Given material:
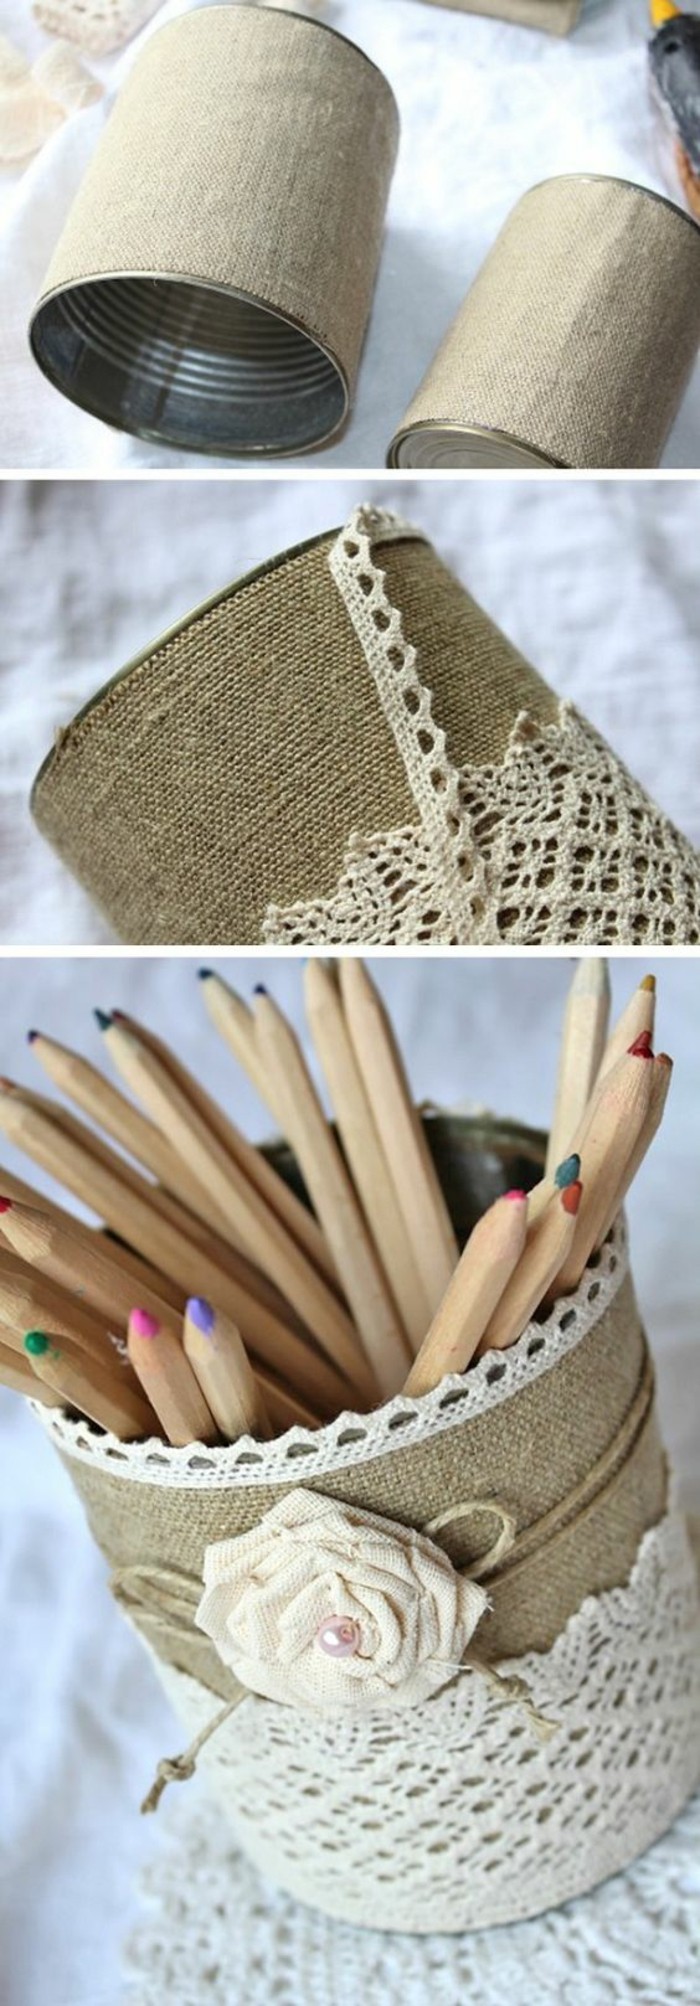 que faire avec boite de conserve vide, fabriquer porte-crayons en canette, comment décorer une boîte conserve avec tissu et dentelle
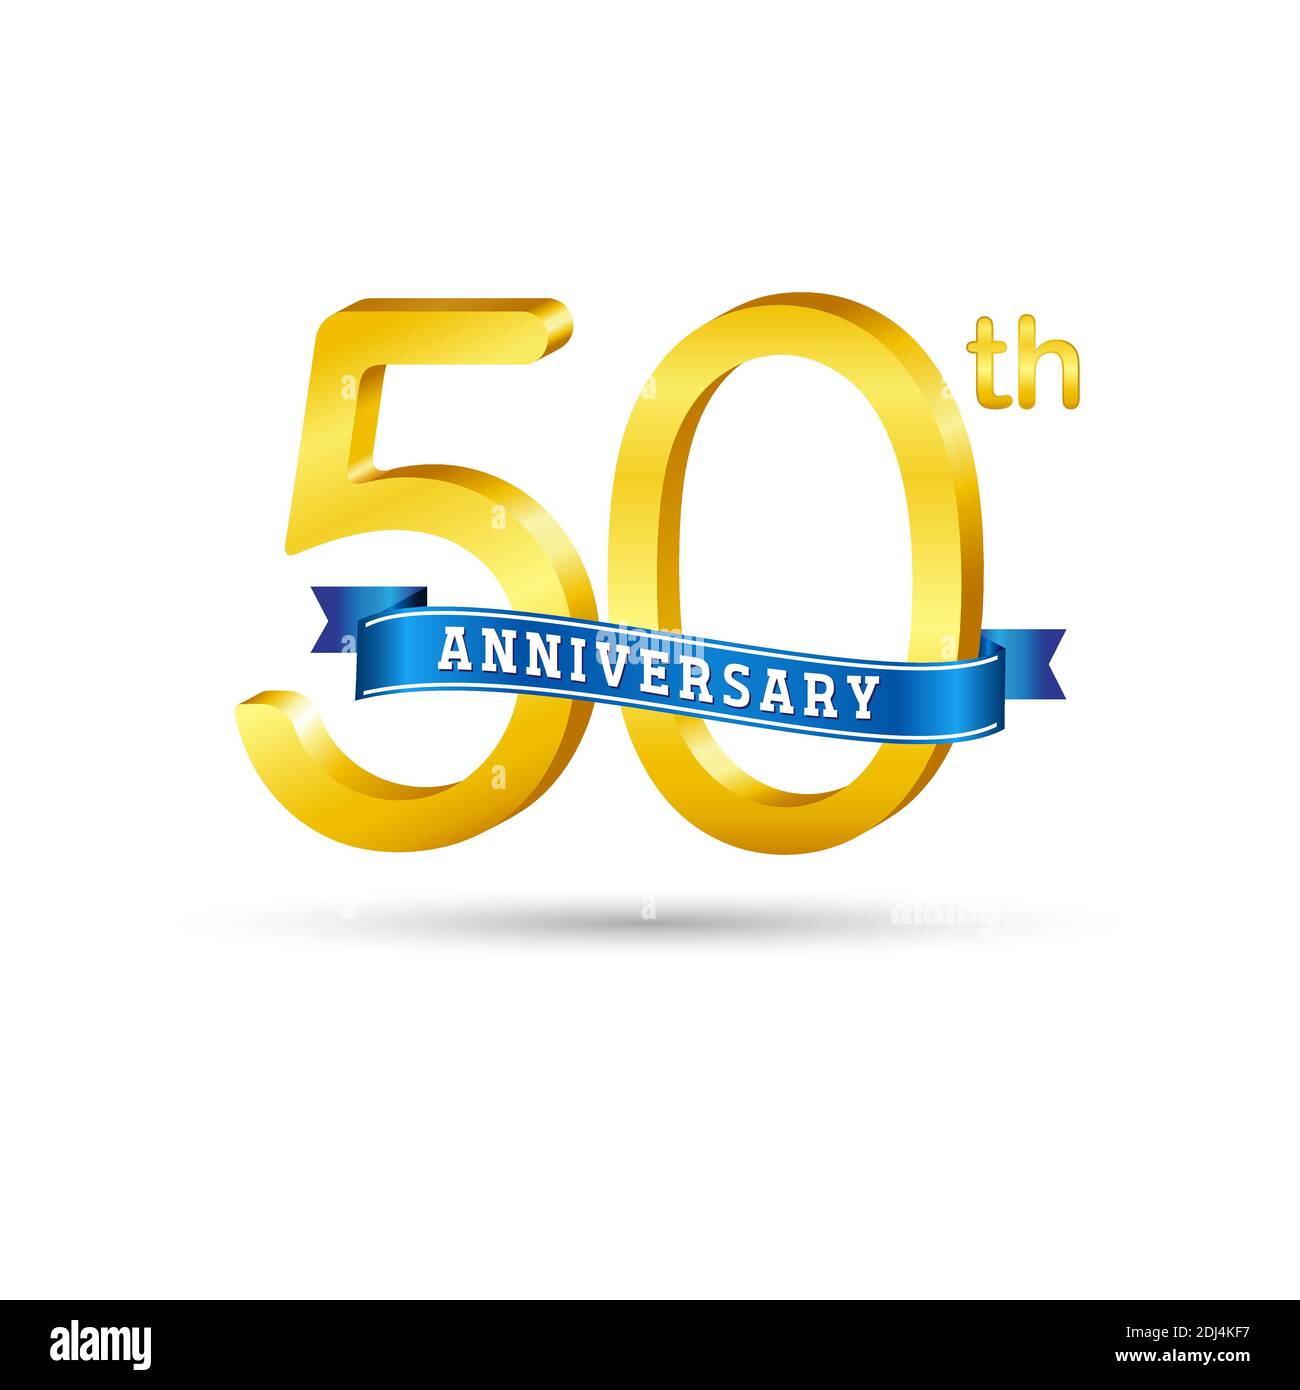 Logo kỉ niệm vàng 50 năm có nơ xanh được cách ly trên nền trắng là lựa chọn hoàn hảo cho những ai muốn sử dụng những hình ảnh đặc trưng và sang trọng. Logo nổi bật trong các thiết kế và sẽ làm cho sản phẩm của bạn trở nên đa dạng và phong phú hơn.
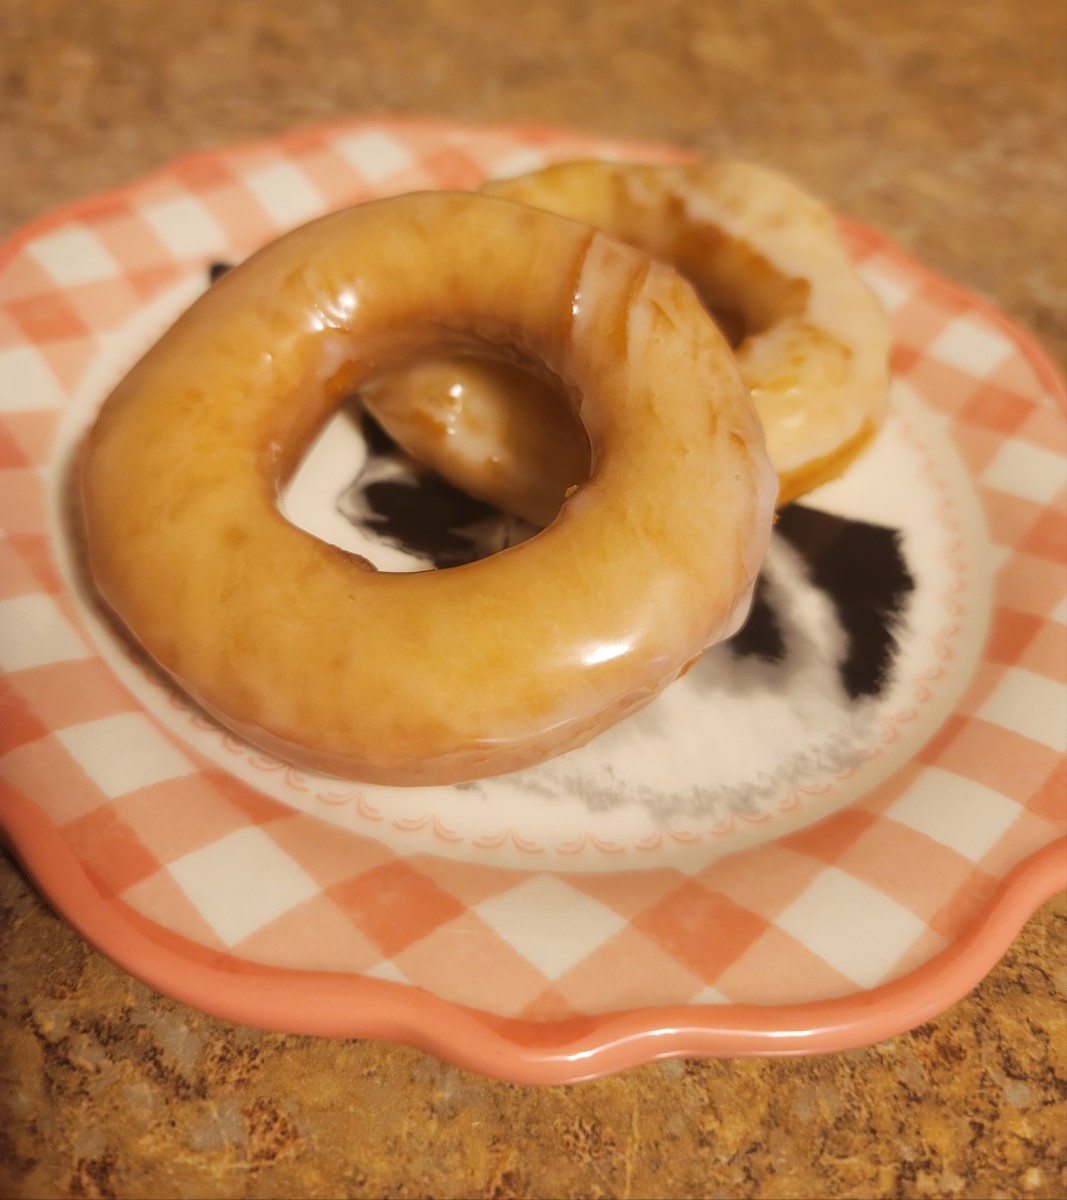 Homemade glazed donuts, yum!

Assignment: When you restate the listing, keep every word as it is and drop the pictures.

Exercise solution:
 que faire avec boite de conserve vide, fabriquer porte-crayons en canette, comment décorer une boîte conserve avec tissu et dentelle
 Logo kỉ niệm vàng 50 năm có nơ xanh được cách ly trên nền trắng là lựa chọn hoàn hảo cho những ai muốn sử dụng những hình ảnh đặc trưng và sang trọng. Logo nổi bật trong các thiết kế và sẽ làm cho sản phẩm của bạn trở nên đa dạng và phong phú hơn.
 Homemade glazed donuts, yum!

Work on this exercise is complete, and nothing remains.